- Sire: Abadan
- Grandsire: Persian Gulf
- Dam: Law
- Damsire: Son-in-Law
- Sex: Stallion
- Foaled: 1954
- Country: Ireland
- Colour: Brown
- Owner: 1) M. P. Annesley (Ireland) 2) Hasty House Farm (USA)
- Trainer: 1) Stephen Quirke (Ireland) 2) Harry Trotsek (USA)
- Record: 30: 9-1-1
- Earnings: £6,048 & US$56,000

Major wins
- Maher Nursery Handicap (1956) Tetrarch Stakes (1957) International Stakes (1957) Irish 2,000 Guineas (1957) Canadian Championship Stakes (1958)

= Jack Ketch (horse) =

Irish Thoroughbred racehorse

Jack Ketch (foaled 1954 in Ireland) was a thoroughbred racehorse. Raced at age two under trainer Stephen Quirke, son of Irish champion jockey, Martin Quirke, Jack Ketch won the Maher Nursery Handicap. At age three, the colt won three important Irish races including the Classic 2,000 Guineas.

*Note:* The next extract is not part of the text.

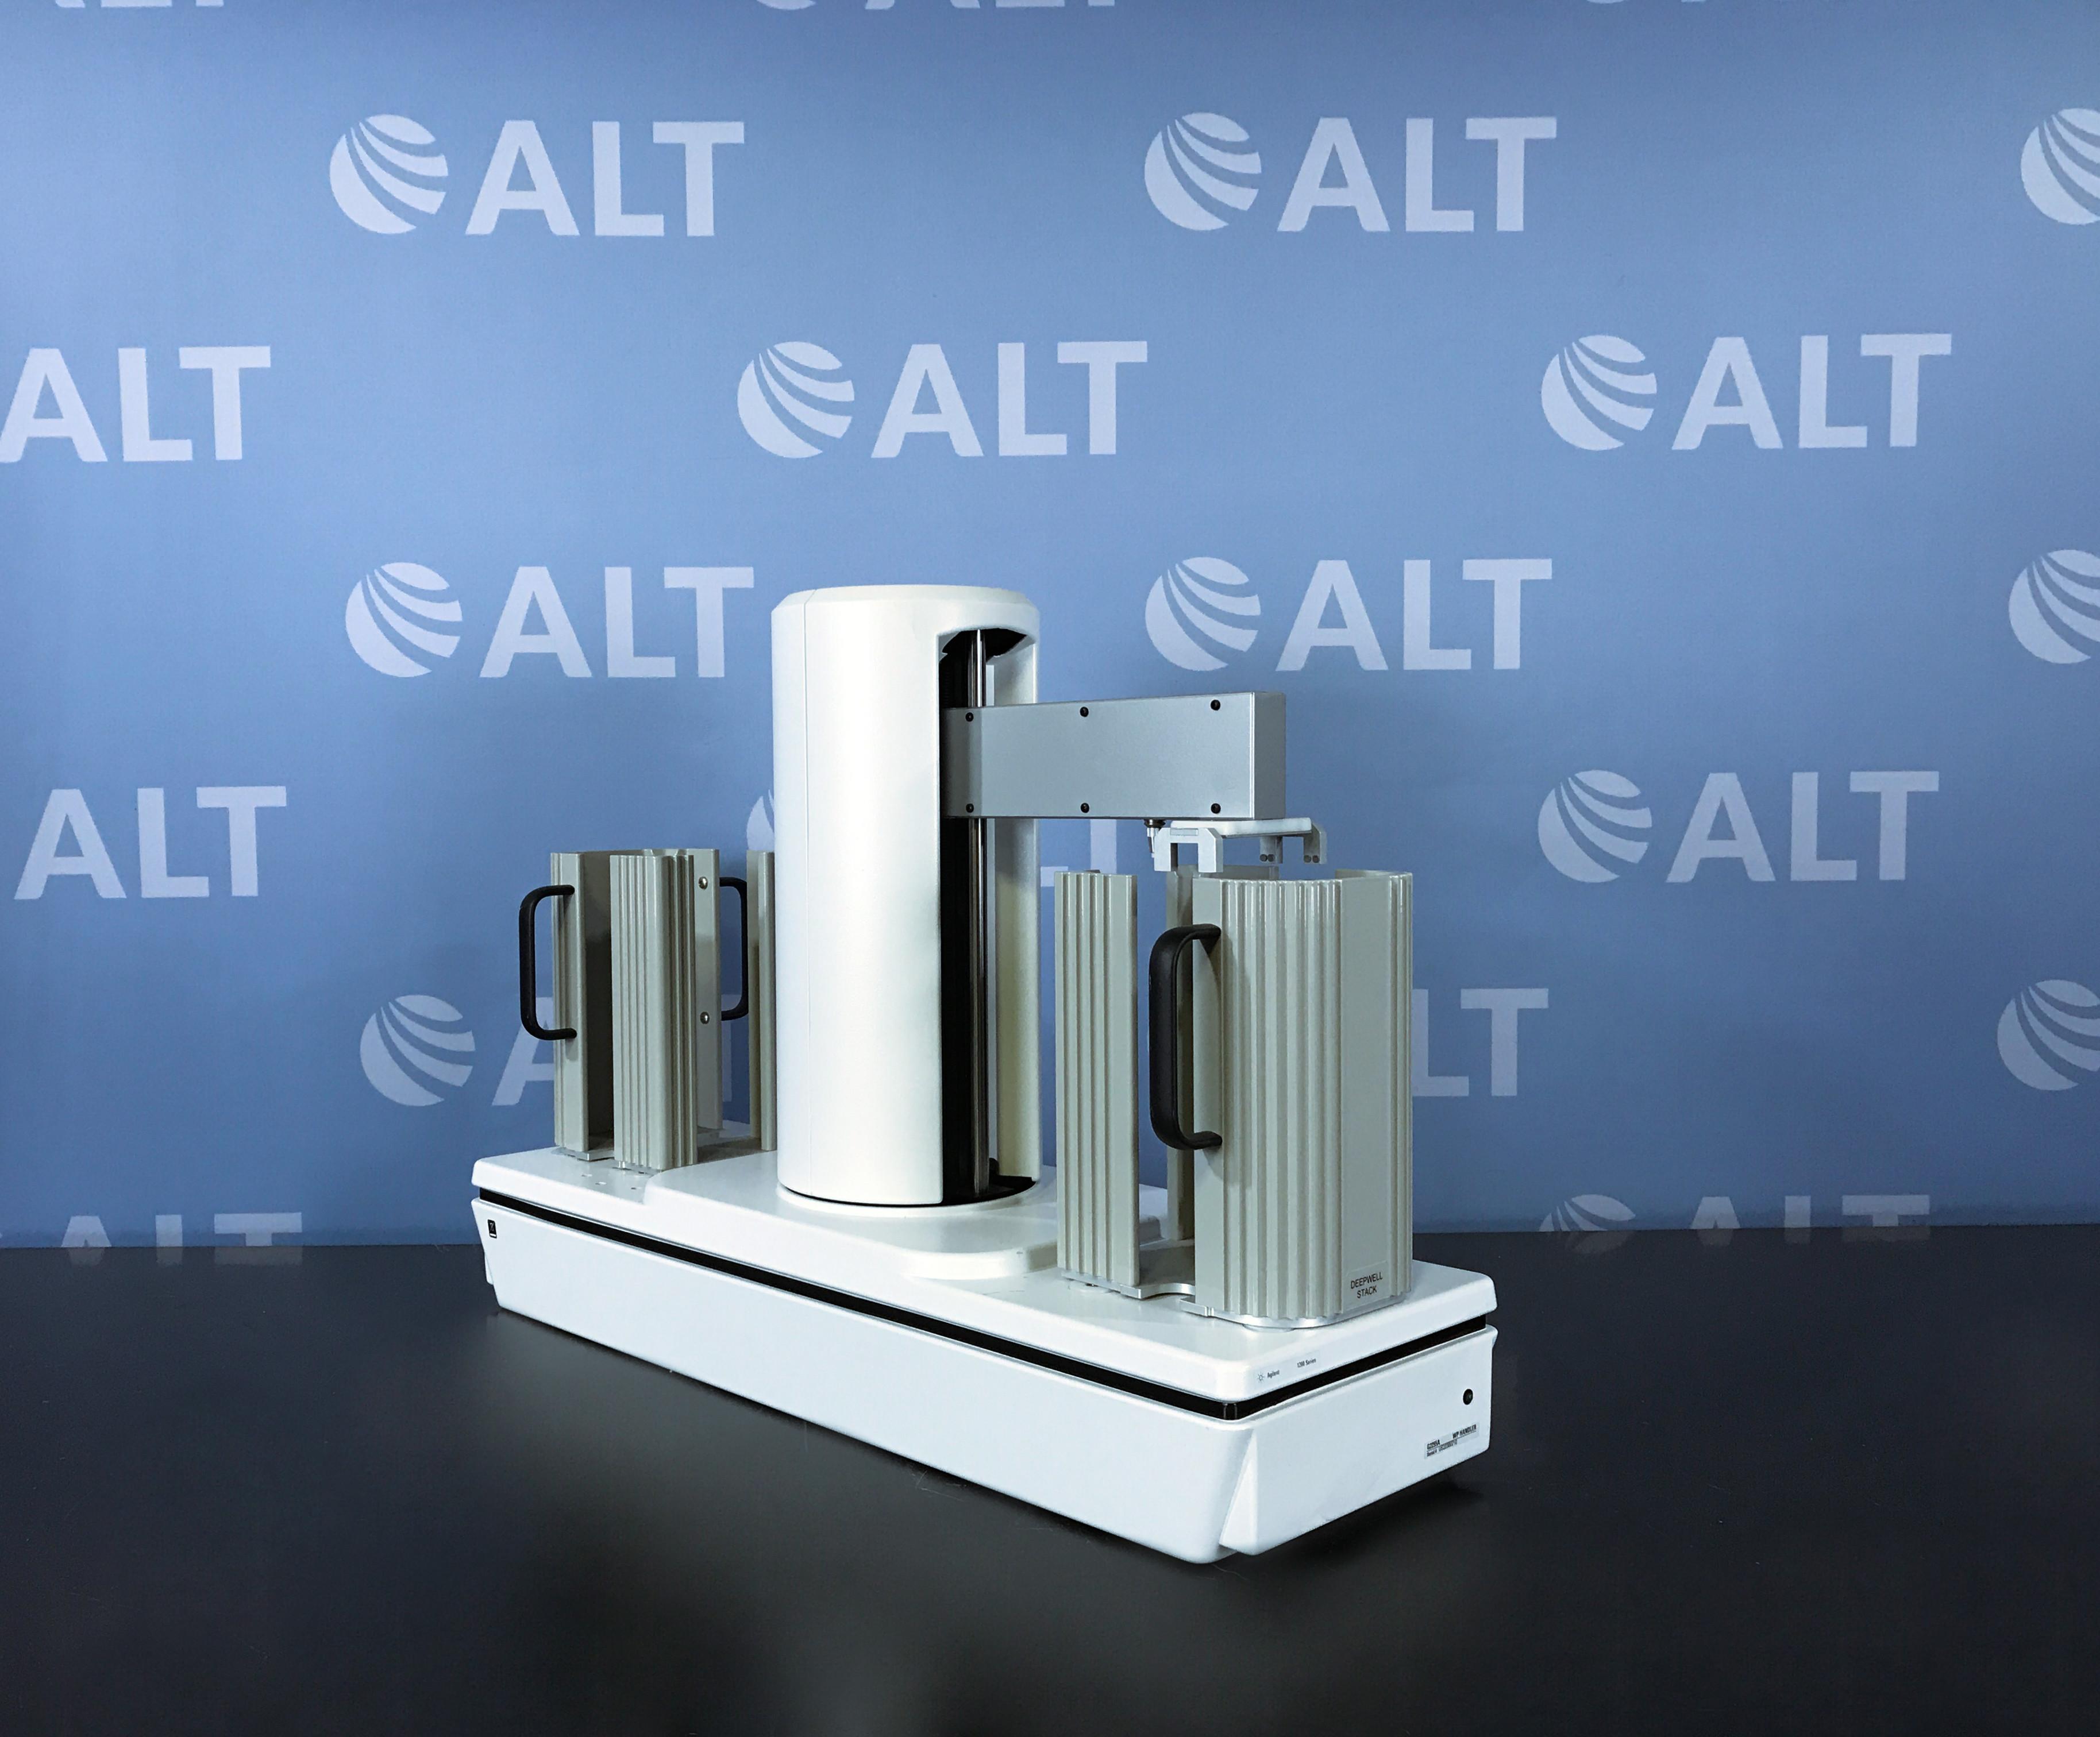 Agilent 1200 Series G2255A Well-plate Handler Image

In 1958, Jack Ketch was sold to American Allie E. Reuben who raced under the name of Hasty House Farm. Trained by future U.S. Racing Hall of Fame trainer, Harry Trotsek, he made his American debut on 14 July 1958 at Chicago's Arlington Park with a win on turf in the Morton Grove Purse. Jack Ketch would not win another significant race until 25 October 1958 when he won the Canadian Championship Stakes with his Hasty House Farm stablemate Mahan finishing second.

Retired to stud duty after racing with minor success as a five-year-old in 1959, Jack Ketch eventually stood in Australia but was not a successful sire.